* **TASK BRIEF**: Starting from the line that holds "Pininfarina H2 Speed Concept: Pininfarina", output exactly each line through the end of the listing. Do not copy pictures.

* **SOURCE INFORMATION**:
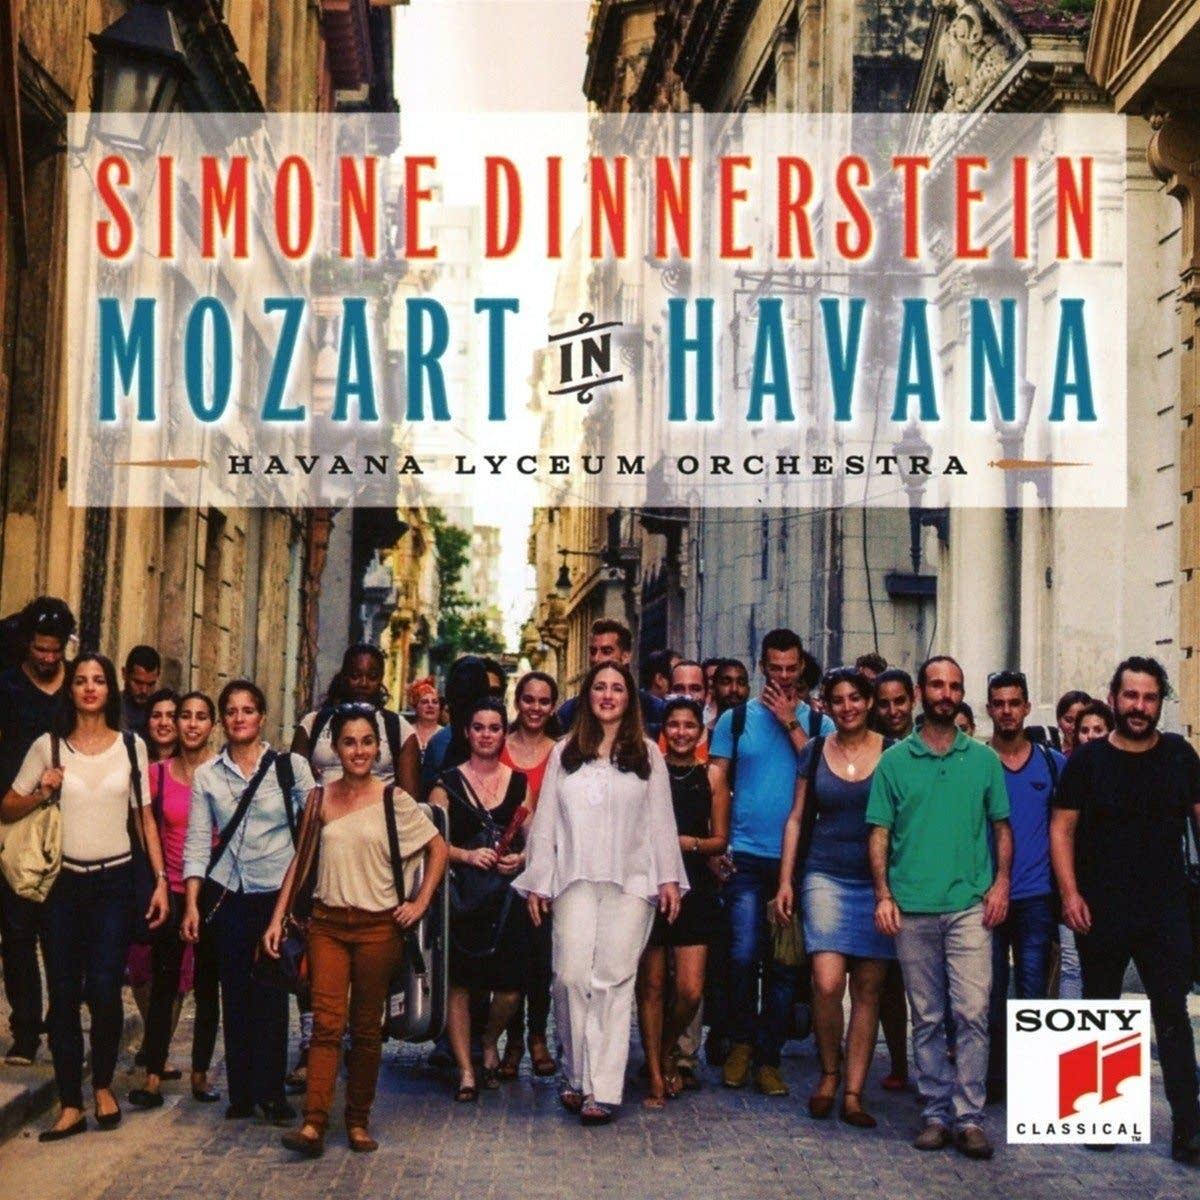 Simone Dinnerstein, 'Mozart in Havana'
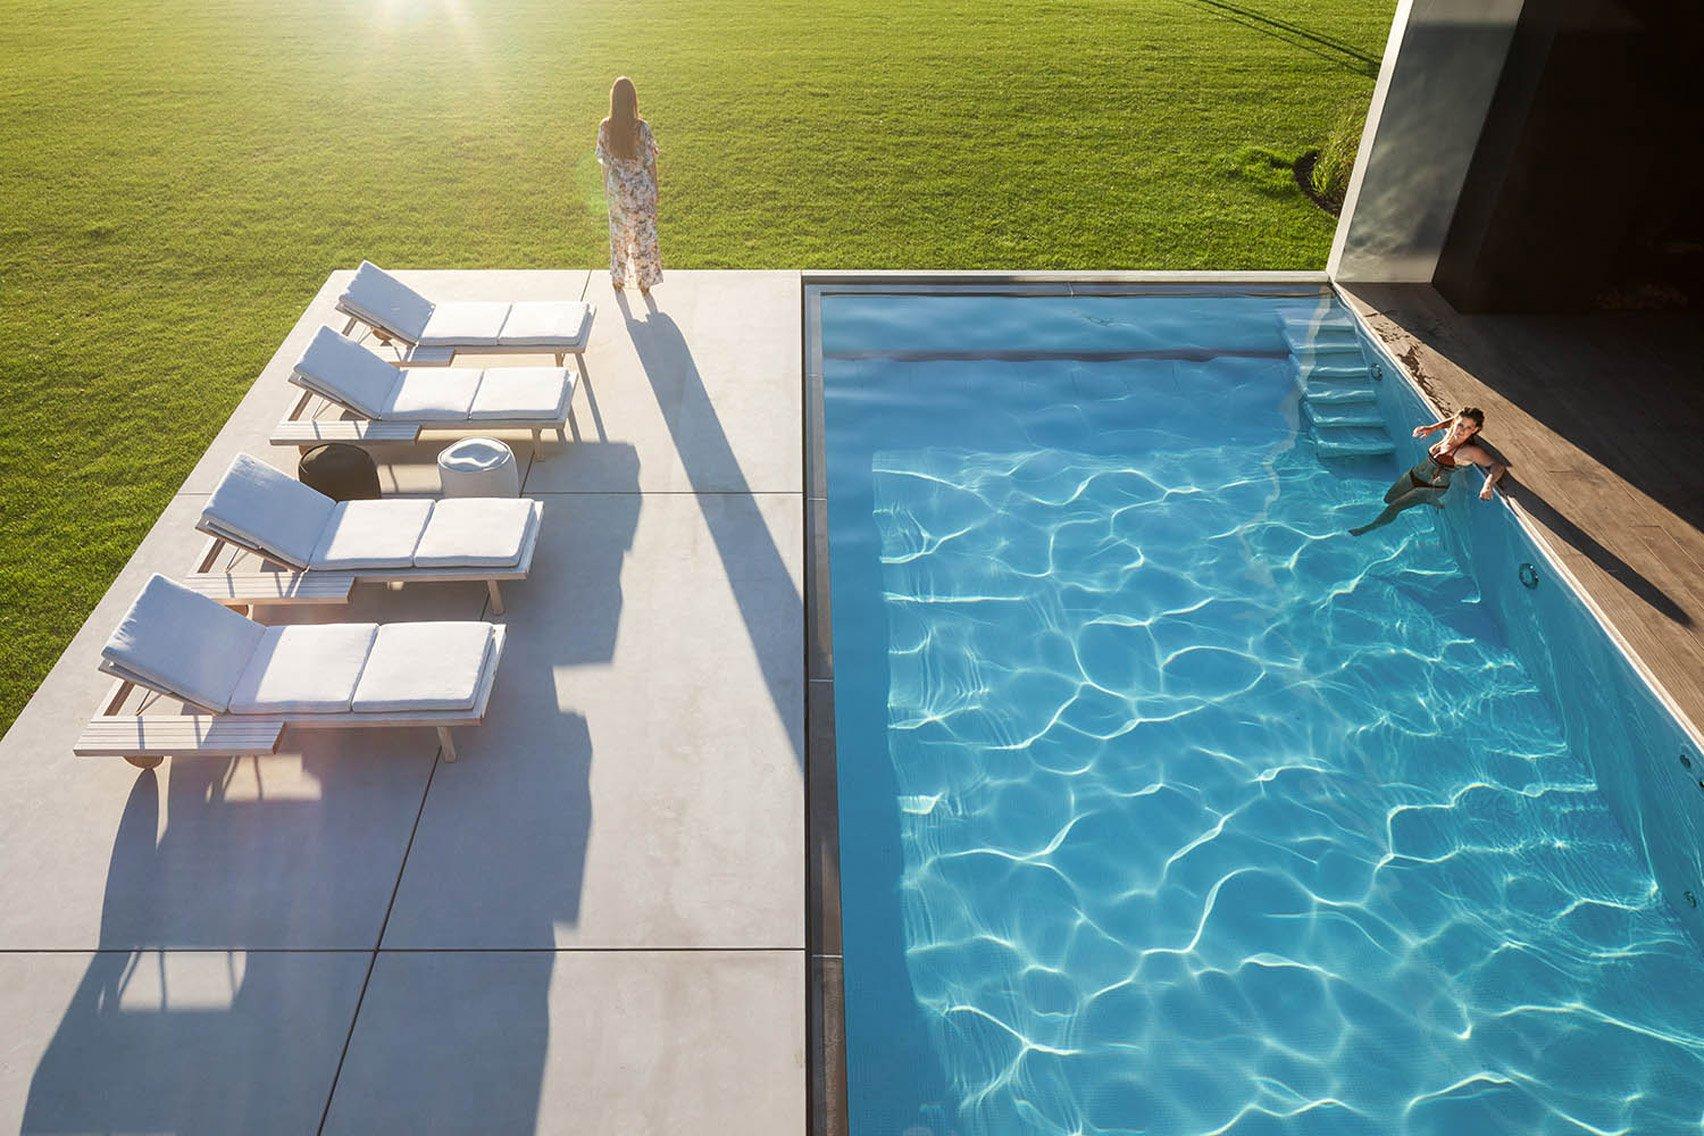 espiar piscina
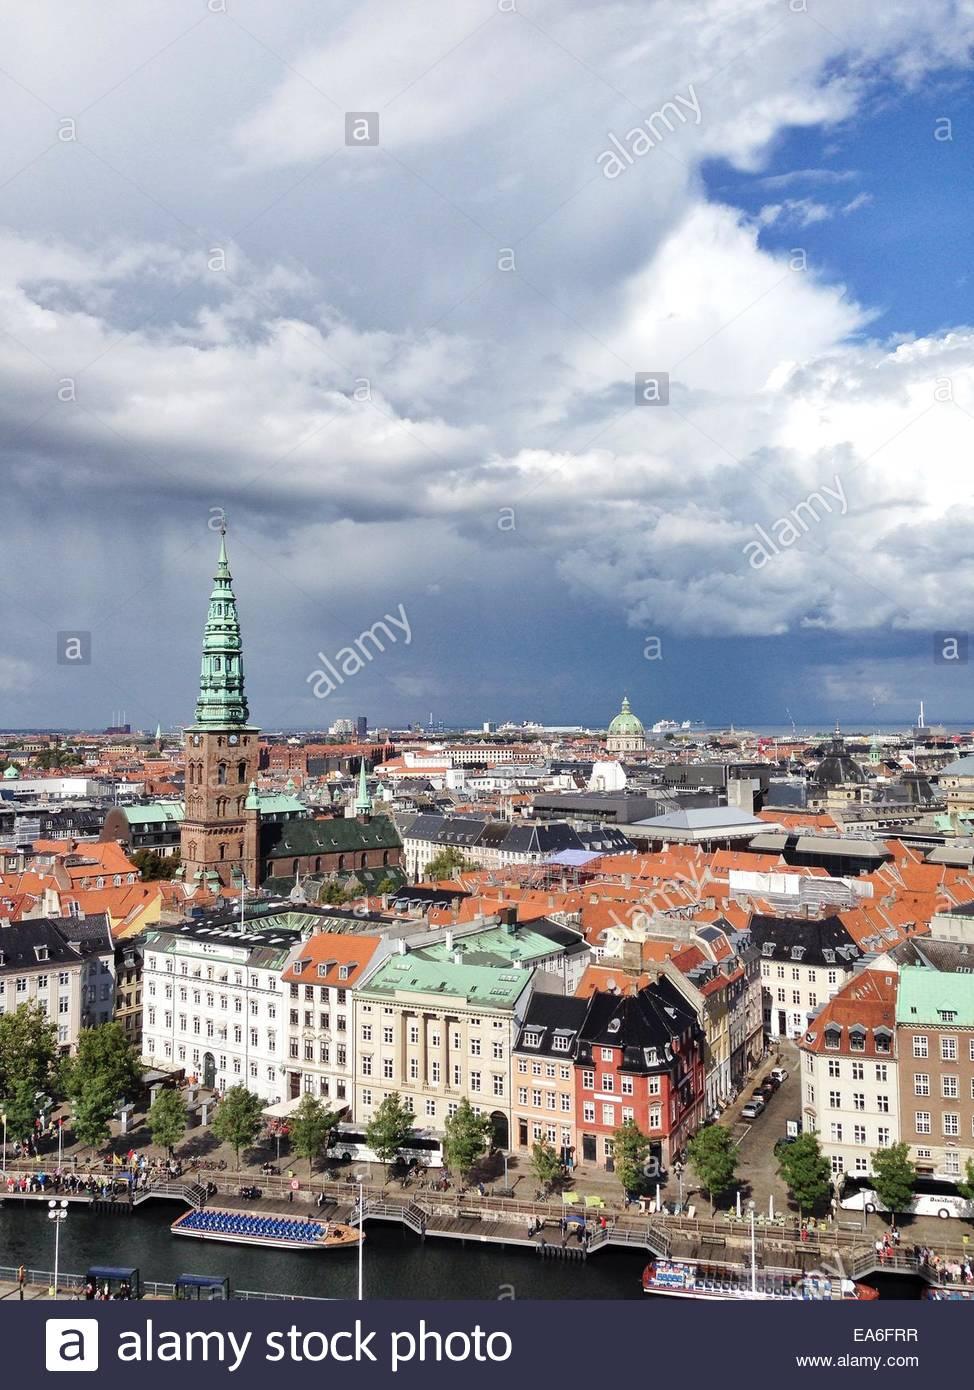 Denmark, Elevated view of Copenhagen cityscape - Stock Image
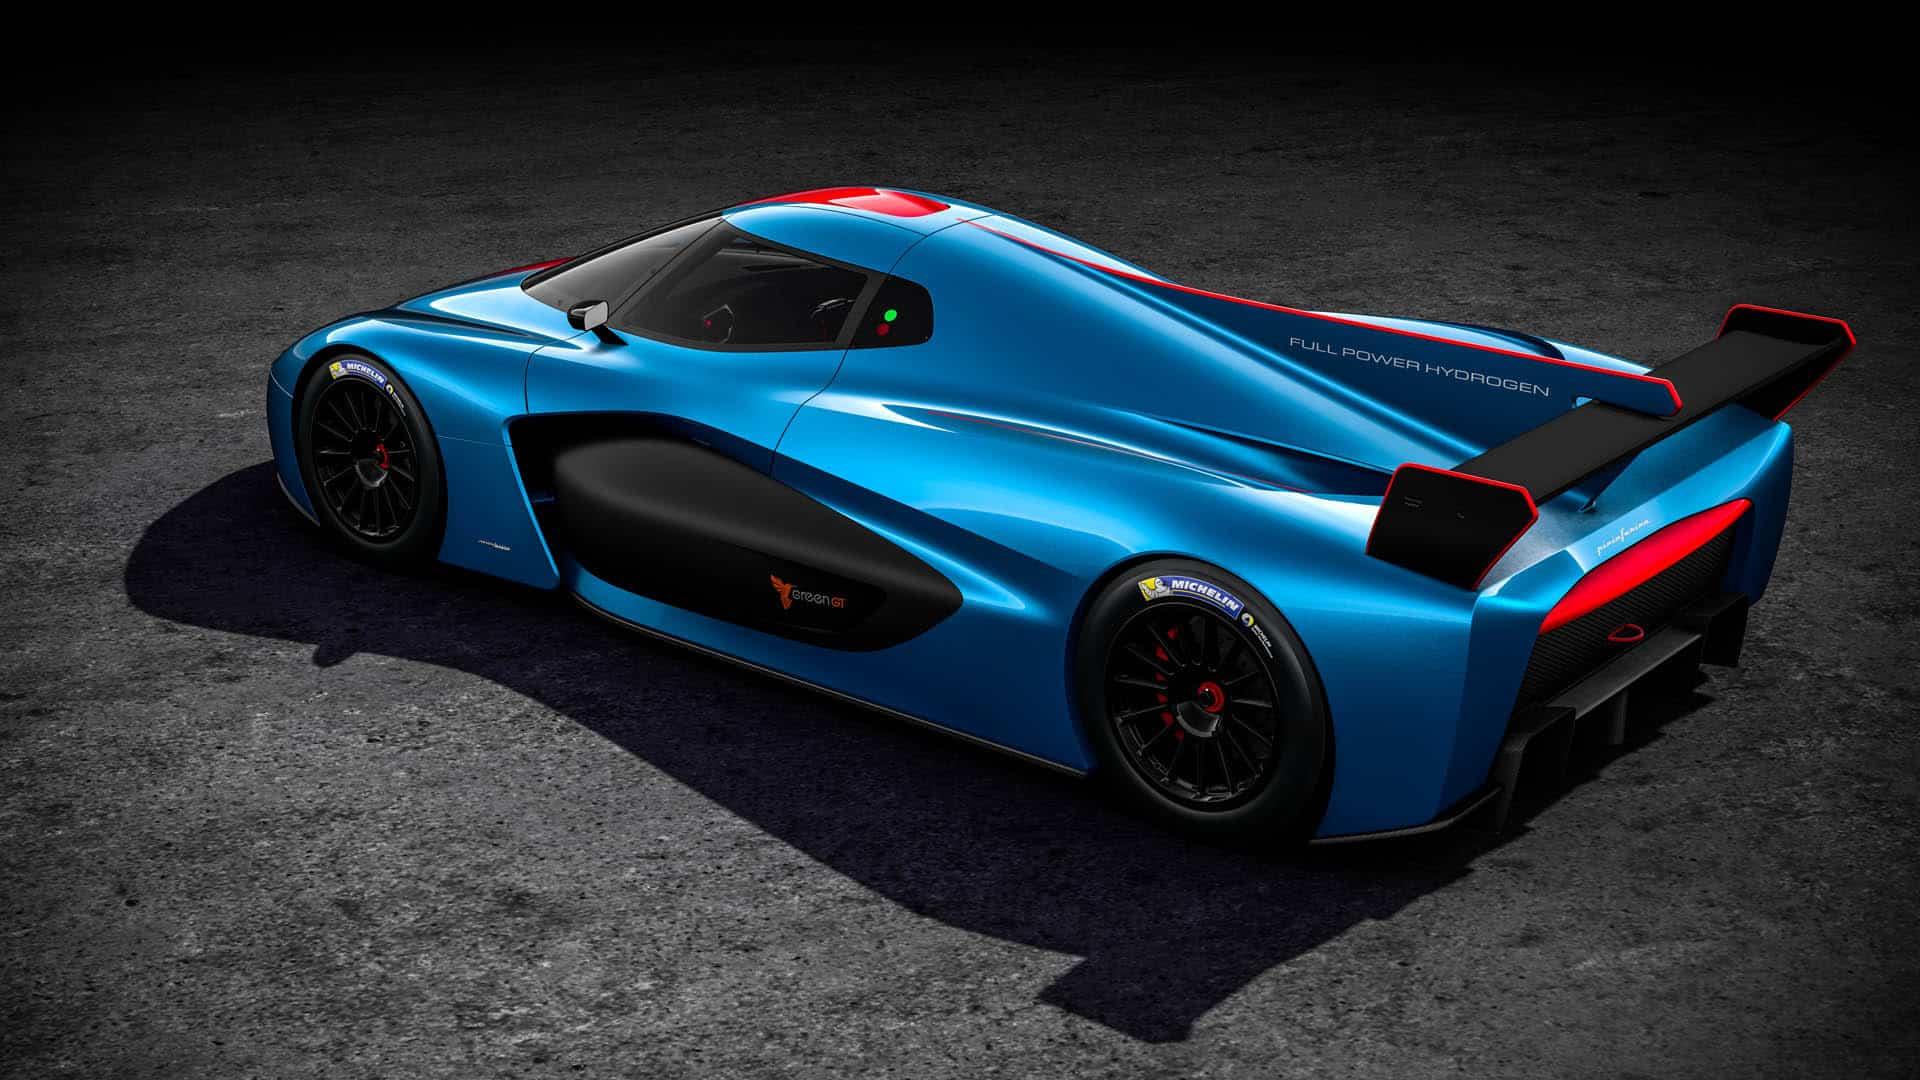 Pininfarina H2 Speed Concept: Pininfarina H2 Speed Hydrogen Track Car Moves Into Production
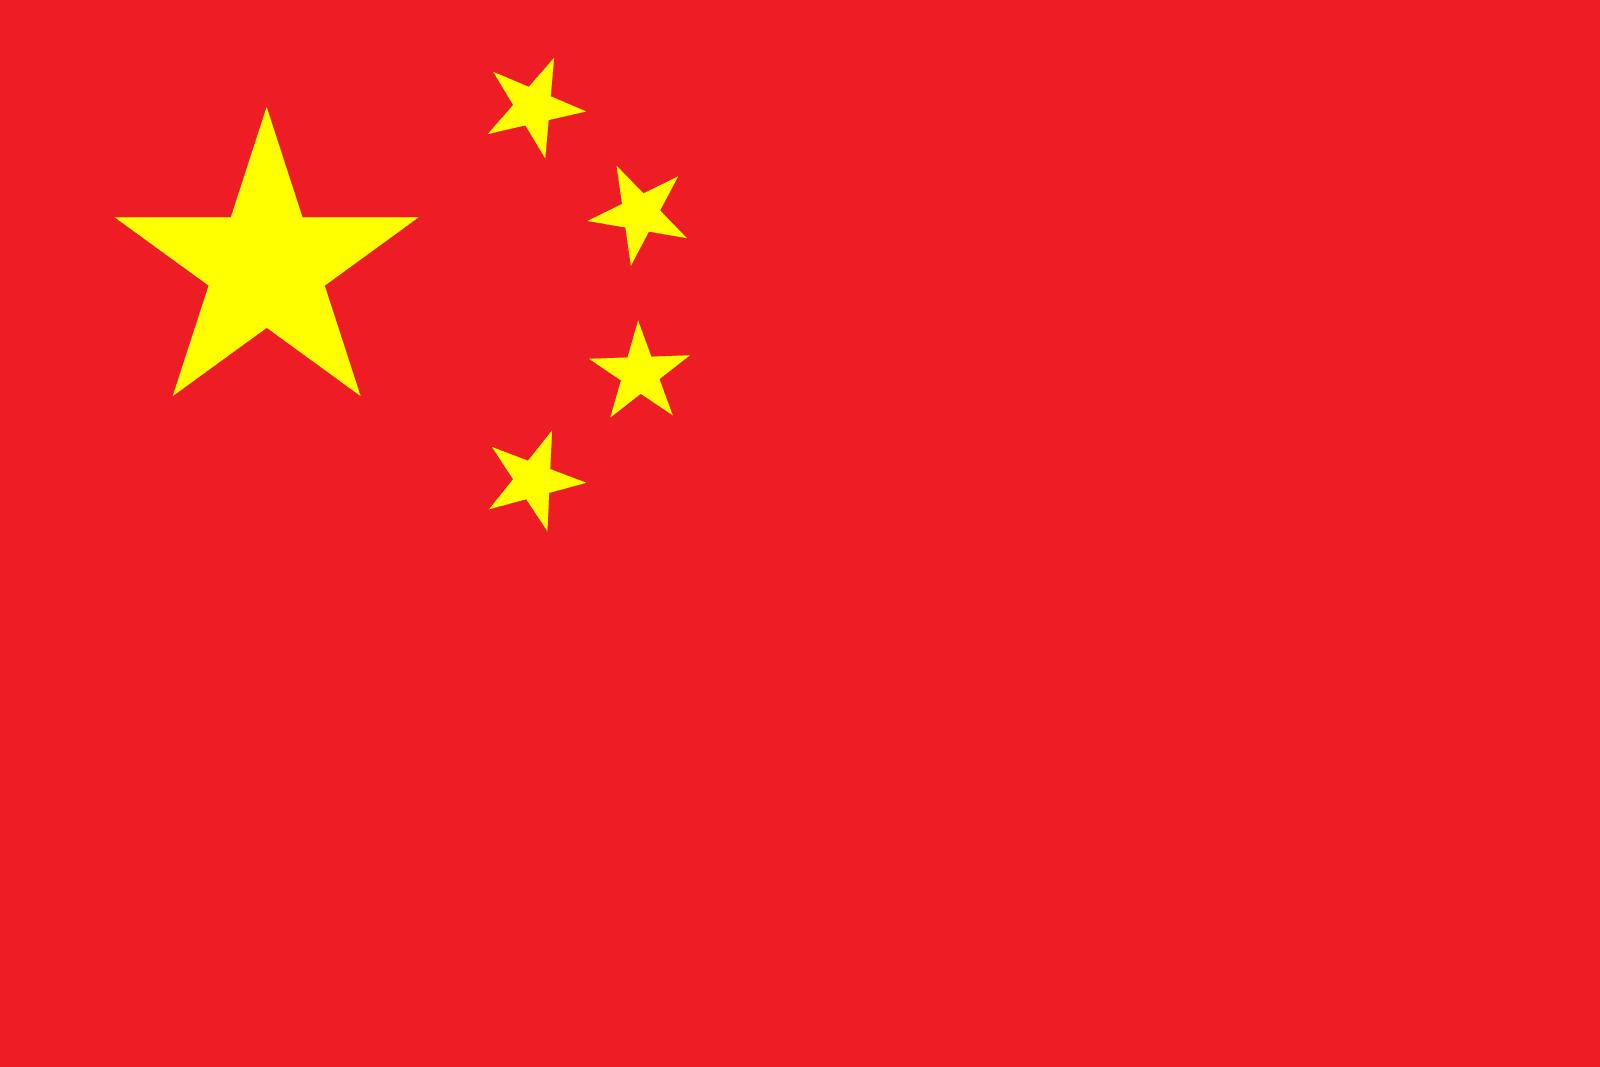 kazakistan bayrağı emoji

* **SOLUTION TO THIS EXERCISE**:
 Pininfarina H2 Speed Concept: Pininfarina H2 Speed Hydrogen Track Car Moves Into Production
 kazakistan bayrağı emoji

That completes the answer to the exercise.